Flush the entire power steering system using the vehicle manufacturer’s recommended fluid. Fill pump reservoir to the proper level.
Disable engine to allow cranking without starting. Block wheels, put transmission in neutral or park and set parking brake, then crank engine 5 to 10 seconds (avoid overheating starter motor).
Refill pump reservoir as necessary. Repeat step 3 until level is correct.
Enable the engine to allow starting. Start engine and let idle. Slowly turn steering wheel from lock-to-lock a number of times.
Turn engine off and inspect fluid level and condition. Add or remove fluid as necessary. If fluid is foaming, wait one hour then recheck level. Repeat step 5 and 6 until fluid level is correct and shows no sign of air problem.
NOTE: Many of you are aware that Ford power steering systems are very prone to air-related problems. The most effective way to remove air in these systems is to apply a vacuum to the power steering pump reservoir. This technique can be used on most power steering systems.
Bleed Technique 2:
Remove return line from hydro-boost and plug end with appropriate size plug or bolt.

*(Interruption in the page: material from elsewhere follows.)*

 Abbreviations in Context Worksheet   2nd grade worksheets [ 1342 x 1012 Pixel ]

Connect two- to three-foot piece of clear hose to return port on hydro-boost unit. Place end of hose into empty container at least 1 gallon in capacity.
Fill power steering pump reservoir with correct fluid.

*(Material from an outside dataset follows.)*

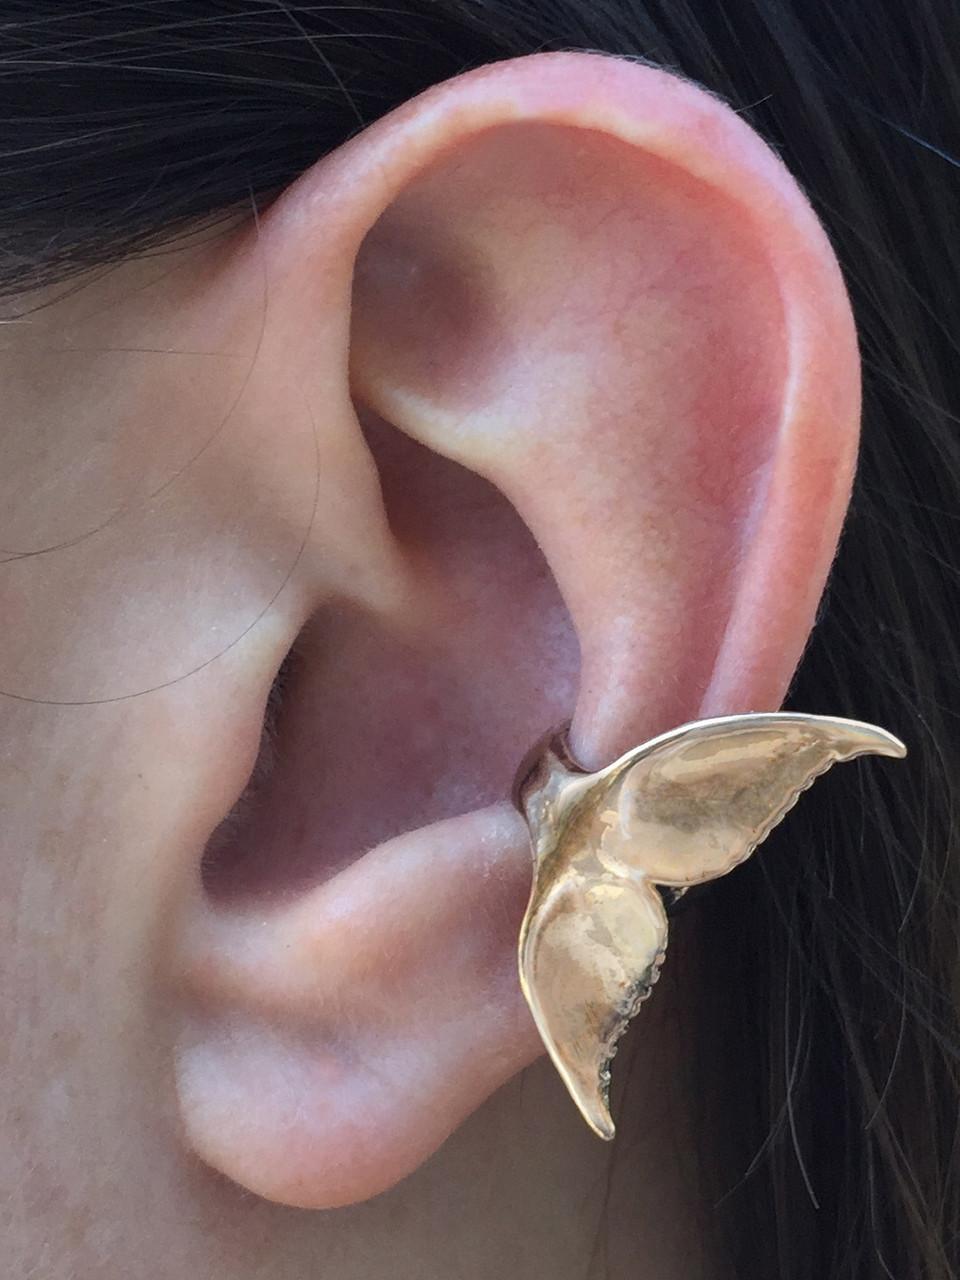 de6a1e27d Whale Tail Ear Cuff - Bronze - Marty Magic Store

Disable engine to allow cranking without starting. Block wheels, put transmission in neutral or park and set parking brake, then crank engine 5 to 10 seconds (avoid overheating starter motor) while applying and releasing brake pedal slowly.
Refill pump reservoir as necessary. Repeat step 4 until no air is seen in return line from hydro-boost.

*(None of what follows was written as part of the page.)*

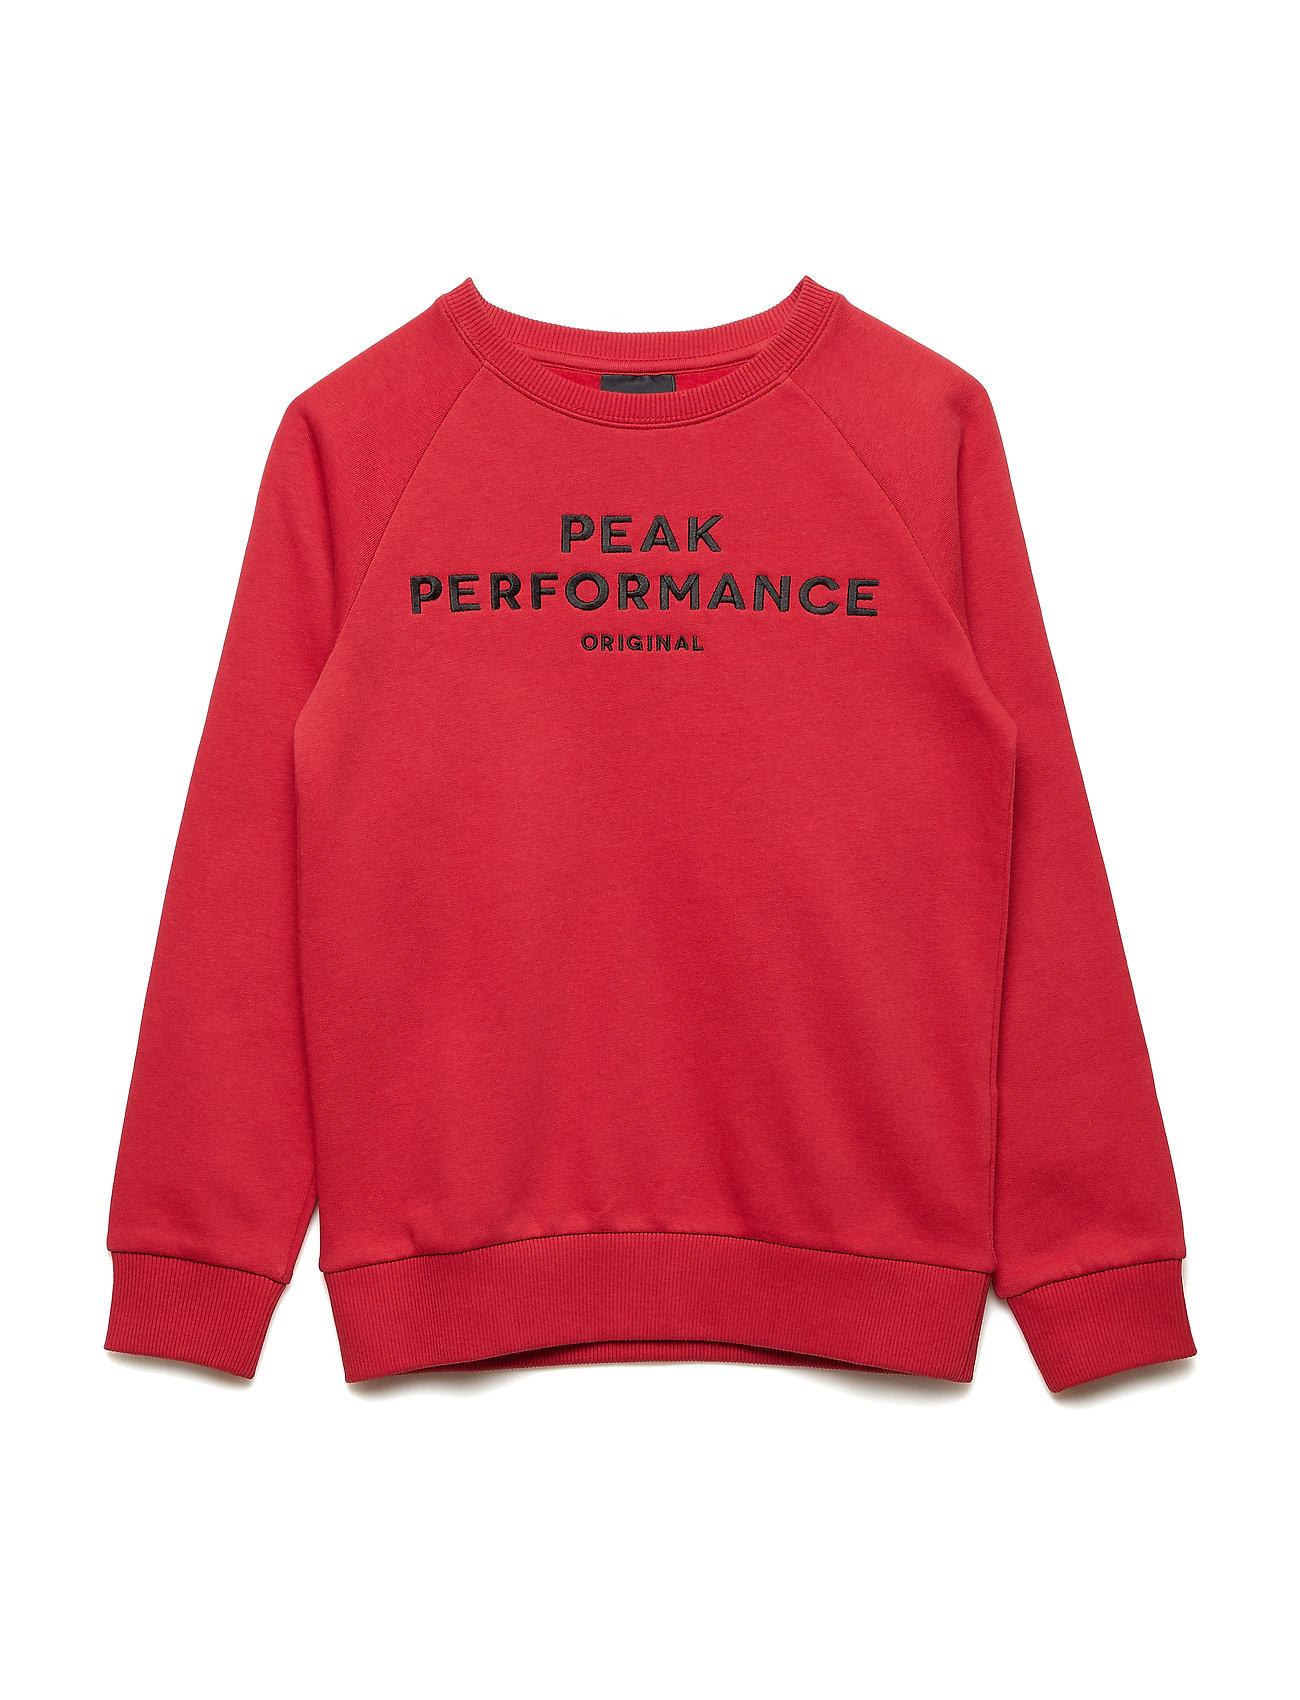 Peak Performance JR ORIGC

Remove clear hose from return port and reconnect return line from pump.
Enable the engine to allow starting. Start engine and let idle. Slowly turn steering wheel from lock to lock a number of times.
Turn engine off and inspect fluid level and condition. Add or remove fluid as necessary. If fluid is foaming, wait one hour then recheck level. Repeat step 7 and 8 until fluid level is correct and shows no sign of air problem.
Use either of these bleeding procedures whenever replacing or servicing any component in a hydro-boost system. Normal driving conditions will remove air that remains trapped within the system when components are properly installed and there are no flow restrictions in the system. Always refer to the vehicle service manual for specific installation and testing procedures.
Power Steering Flush
In addition to requiring the correct pressure, it is also critical that the fluid be clean. The tolerances in the moving parts inside the hydro-boost are such that only a small amount of contaminates can cause a malfunction. This is especially true of the spool valve. The tolerances necessary to form a metal-to-metal seal are quite small and any contaminates or tarnish buildup can prevent smooth operation of the spool valve. Since the spool valve controls the flow of fluid into and out of the power chamber, it is critical it functions properly.
Any vehicle equipped with a hydro-boost power assist will benefit from a periodic power steering flush. The only thing is you have to perform an additional step to ensure the hydro-boost power chamber and internal parts are flushed. When performing the flush, apply and release the brake pedal slowly to allow the new fluid into the hydro-boost. If you skip this step you will have the large quantity of old fluid in the hydro-boost that will mix with the new fluid once the brake is applied and released a couple of times.
Hydro-boost diagnosis and service is not difficult especially when you know how the system works. Applying this knowledge with a systematic approach will enable fast and accurate diagnosis of these systems.